After a rocky start (the prologue notwithstanding), he got his groove
back with the final chapters. It's not tSR or even LoC, but I was
pleased.
--
Johan Gustafsson *** ***@e-bostad.net

Are you a bad enough dude to rescue the President?
Ash
2005-10-14 20:36:50 UTC
Permalink
Post by Johan Gustafsson
Post by r***@gmail.com
KoD - Random Boye' Thoughts
It was available at my local non-chain bookshop. I was off yesterday,
and went to town on the book.
Spoilers for the Uninitiated
12) Egwene seriously rocks. She has grown like ten-thousand fold
between books. Coldly brilliant, resolved and serene, she plants seeds
of revolt cunningly and subtly, wows the novices, and makes friends and
influences people.
So will there be contact with the Hunters? Doesine has already talked to
her. With the BA Hunt, Egwene's plotting, Elaida's paranoia and the
impending Seanchan attack, the Tower is going to be an interesting place
the next book.
I'm not sure how this is going to go. Elaida has decided to have Egwene
as her serving girl. Obvioulsy, Egwene will not bow to her, or call her
anything but Elaida. I can't see her taking this well.
David Chapman
2005-10-14 23:32:14 UTC
Permalink
Post by Johan Gustafsson
Yet no more info on the Vileness. Alas.
I think we can piece together all we need to know about thay already. Men
are brought to the Tower to be gentled for a reason - so they can be severed
as painlessly as possible then cared for as best as can be.
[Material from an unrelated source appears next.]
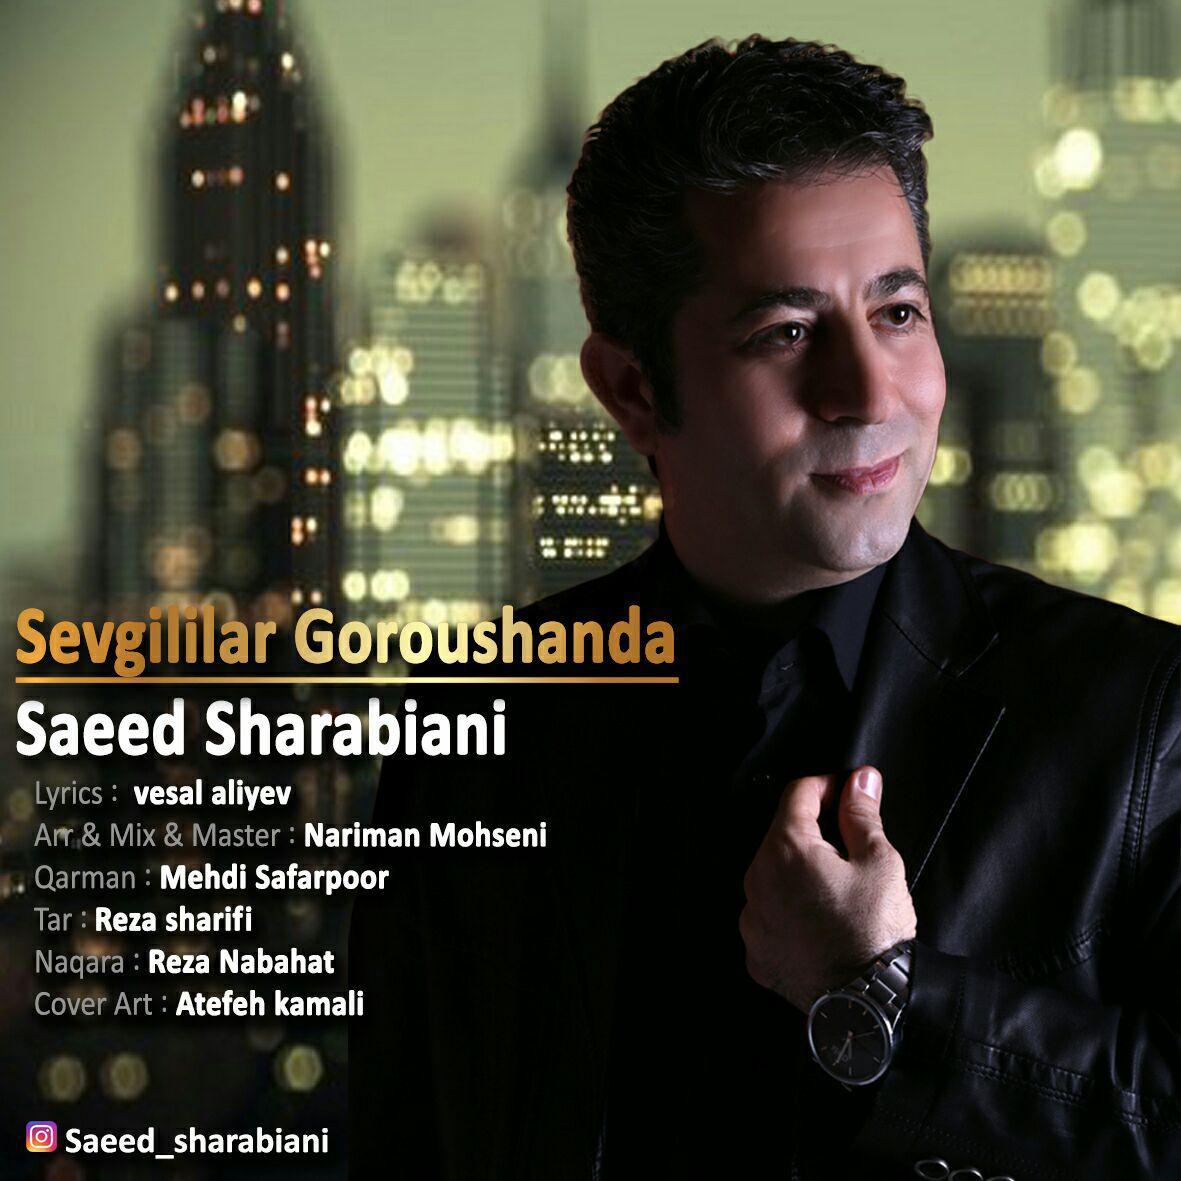 http://s9.picofile.com/file/8326903126/30Saeed_Sharabiani_Sevgililar_Goroushanda.jpg

The Reds
involved in the Vileness pretty much tore men away from the Source then
simply left them to die.
--
Who the f--k are you calling insolent?
Johan Gustafsson
2005-10-15 06:27:06 UTC
Permalink
Post by David Chapman
Post by Johan Gustafsson
Yet no more info on the Vileness. Alas.
I think we can piece together all we need to know about thay already. Men
are brought to the Tower to be gentled for a reason - so they can be severed
as painlessly as possible then cared for as best as can be. The Reds
involved in the Vileness pretty much tore men away from the Source then
simply left them to die.
You're probably right, I think. What I want to know is mostly trivia by
now. Oh well.
--
Johan Gustafsson *** ***@e-bostad.net

Are you a bad enough dude to rescue the President?
John S Novak, III
2005-10-16 03:30:52 UTC
Permalink
Post by r***@gmail.com
KoD - Random Boye' Thoughts
It was available at my local non-chain bookshop. I was off yesterday,
and went to town on the book.
Spoilers for the Uninitiated
Overall, I liked it. I was certainly the best since LoC, but still
lacking, IMHO. Nothing will ever top tSR for me, but anyway, I digress.
Random spoilers in no particular order
1) I predicted (as did many of you) that Galad would challenge Eamon
Valda to a duel of honor over Morgase, and well, yeah. That happened.
And was then NEVER MENTIONED AGAIN. Okay, not strictly true-- it was
mentioned once as a reported event toward the end of the book, but it
played no role in the rest of the book.

This has begun to seriously piss me off about Jordan's notion of
"prologue". Usually, prologues deal with stuff that actually happens in
the pages that follow. Not so, Jordan, it's apparently just a bin for
random shit that felt like putting in.

Also, the notion of a proogue that's more than 12% of the text's length
continues to be a dumbass notion.
Post by r***@gmail.com
2) This book was Sappho-rific!
However, having said all that, the revelation about Galina particularly
makes me think that RJ is definitely influenced by his readers, no
matter what he claims. Galina's vaguely lascivious comments regarding
Erian, way back when, sparked discussion of her orientation, and now he
sees fit to set the record, uh, straight.
Yes, and he seems to have gone the other way-- from being intentionally
obfuscatory to finally making concessions to the implications of what he
writes. It's a slight improvement.
Post by r***@gmail.com
4) Similarly, RJ saw fit to clear up a few, umm, oversights in his
world set-up. We learn that the Tinkers *do* have a cultural method of
dealing with girls who can channel, and yes, there is even a Malkieri
Aes Sedai! A somewhat less than stellar Green named Nacelle.
Apparently, there were many, but they all got themselves killed on
vigilante quests.
See above.
Post by r***@gmail.com
6) Stuff really happens. It's true. So much gets resolved it is
startling!
You know what actually happened, when you stop to think?
A bunch of *really fucking annoying* plot threads got resolved, not much
more. Which, granted, is an improvement over *no* plot threads getting
resolved.

Elayne's troubles in Andor? Bored me to tears. Glad that's nominally
done.

Mat walking through Altara? Bored me to tears. Glad that's over and
he's back with the Band where he fucking should be. For a while, I was
thinking he'd end up with Perrin helping with the Faile situation.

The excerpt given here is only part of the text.